Cov(X,Y):=12(V[X+Y]V[X]V[Y]).\begin{equation} \text{Cov}(X,Y):=\frac{1}{2}\bigg(\mathbb{V}[X+Y]-\mathbb{V}[X]-\mathbb{V}[Y]\bigg). \end{equation}

The prefactor of one half is for the convenient normalization Cov(X,X)=V[X]\text{Cov}(X,X)=\mathbb{V}[X]. We say random variables are uncorrelated if and only if their covariance is 00. The key here is that the concept of being uncorrelated, or equivalently variance additivity, captures the idea of variance independence.

{}

Back to PCA. If we were in the business of maximizing variance through unscrupulous means, ideally we'd try to reach a total variance of nVp1[y1].n\mathbb{V}_{p_1}[y_1]. Being the crafty and morally onerous mathematician that I am, I fix a cone CϵC_\epsilon of small opening angle ϵ\epsilon around p1p_1 and arbitrarily pick directions p2,...,pnCϵp_2,...,p_n\in C_\epsilon to form the basis {p1,...,pn}\{p_1,...,p_n\}. The total variance of the basis is nearly nVp1[y1]n\mathbb{V}_{p_1}[y_1], since I've esssentially captured the variance in the p1p_1 direction nn times.

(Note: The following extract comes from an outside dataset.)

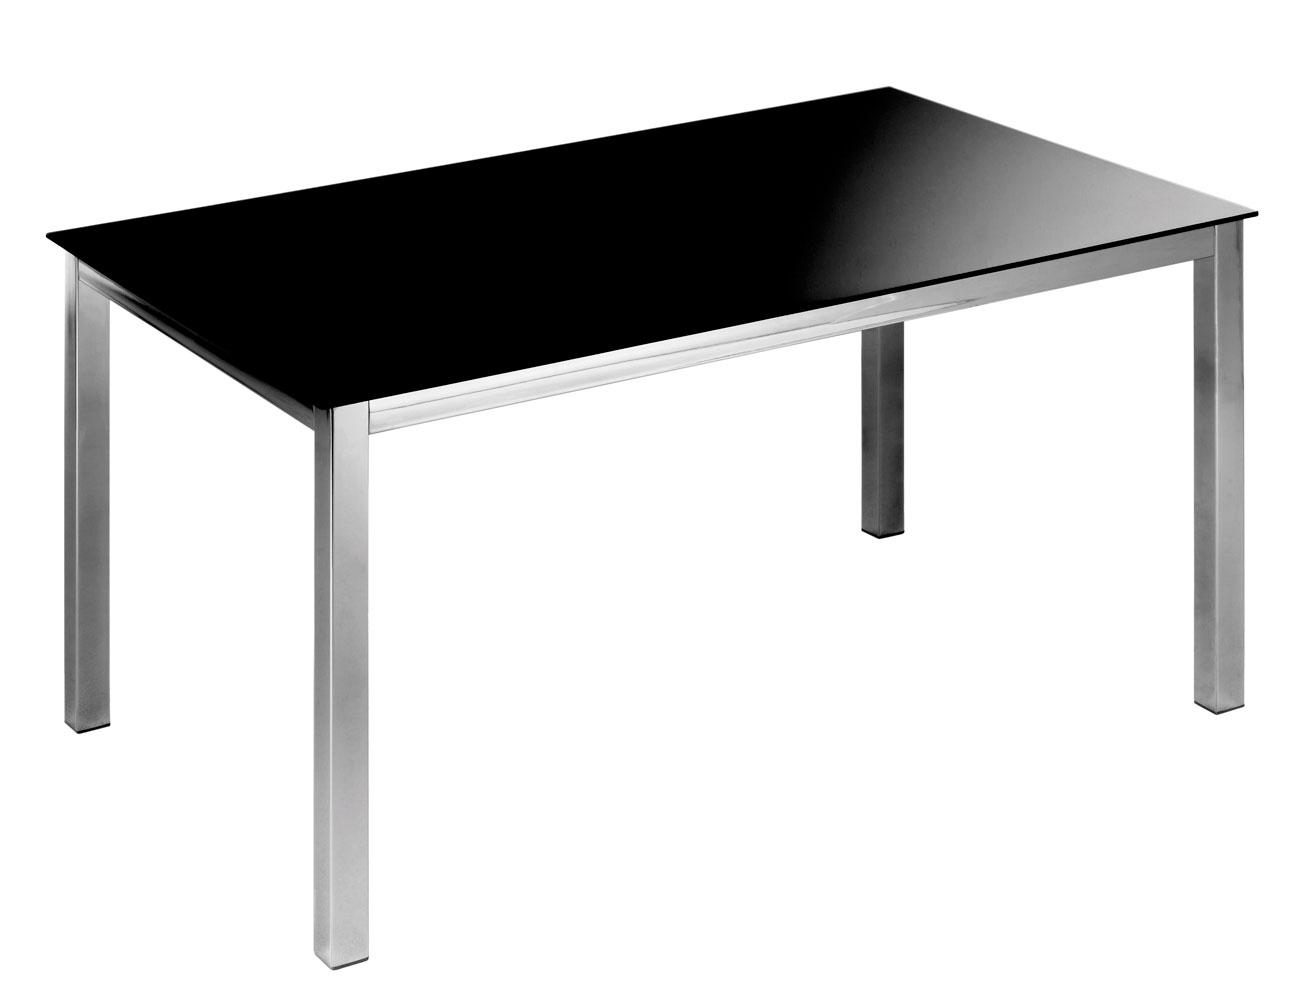 Mesa comedor cristal templado cromada 201 negra
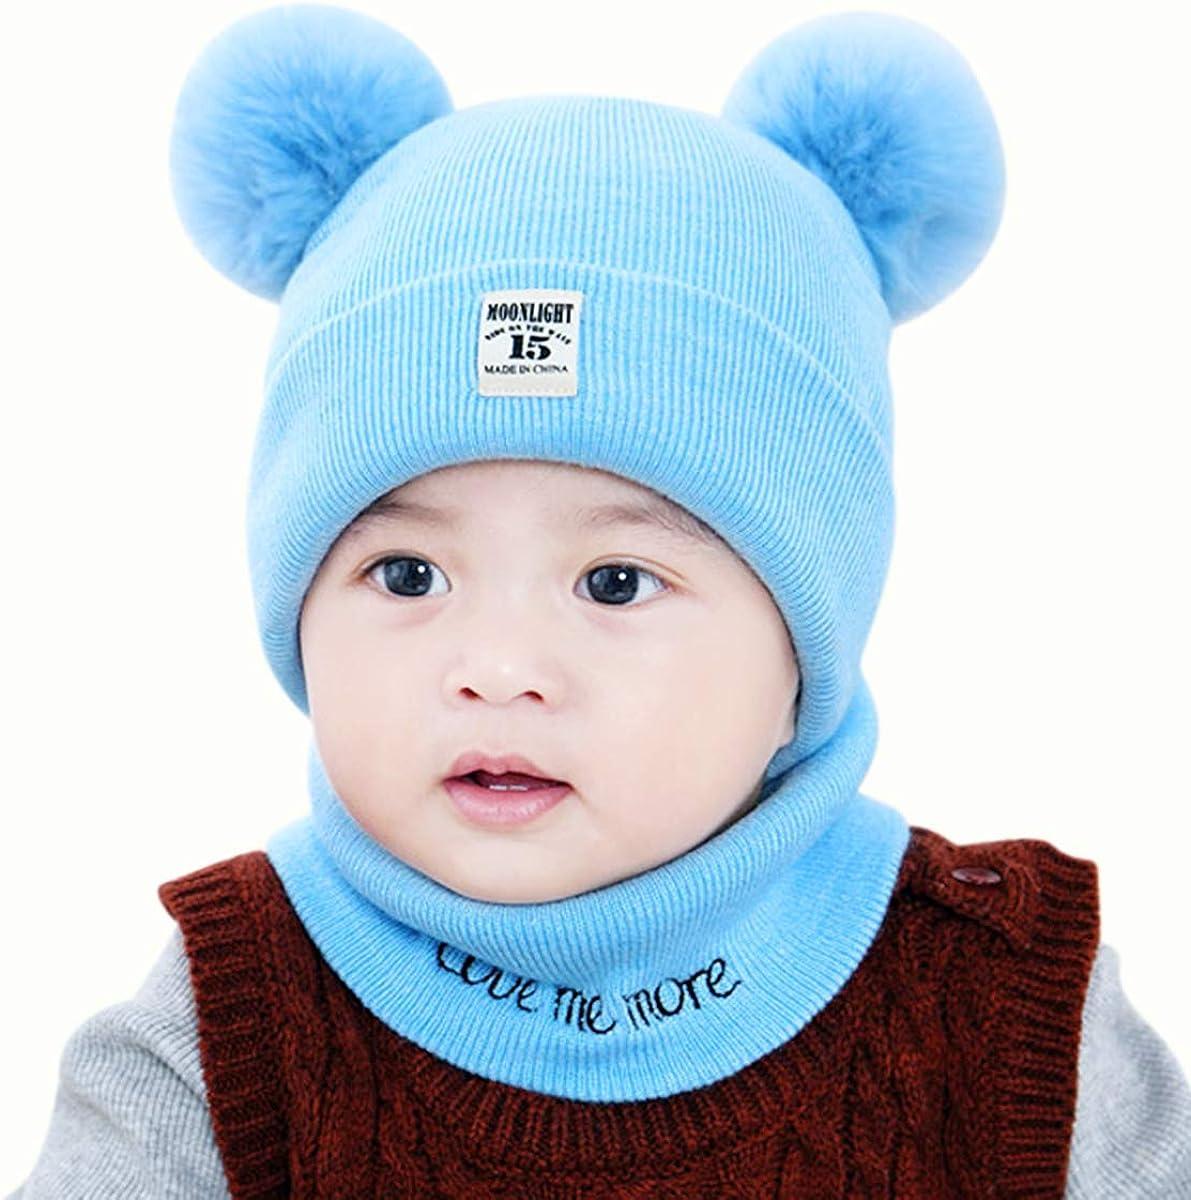 2PCS Kids Hat Scarf Set Toddler Girl Baby Boy OFFicial shop Winter Infant Now on sale Croc

The issue is that the sources of variation are highly dependent; the fix is to impose variance independence. As discussed, this is equivalent to asking the principal directions be uncorrelated. This motivates us to define covariance as our inner product, and the orthogonality constraint on the principal directions follows.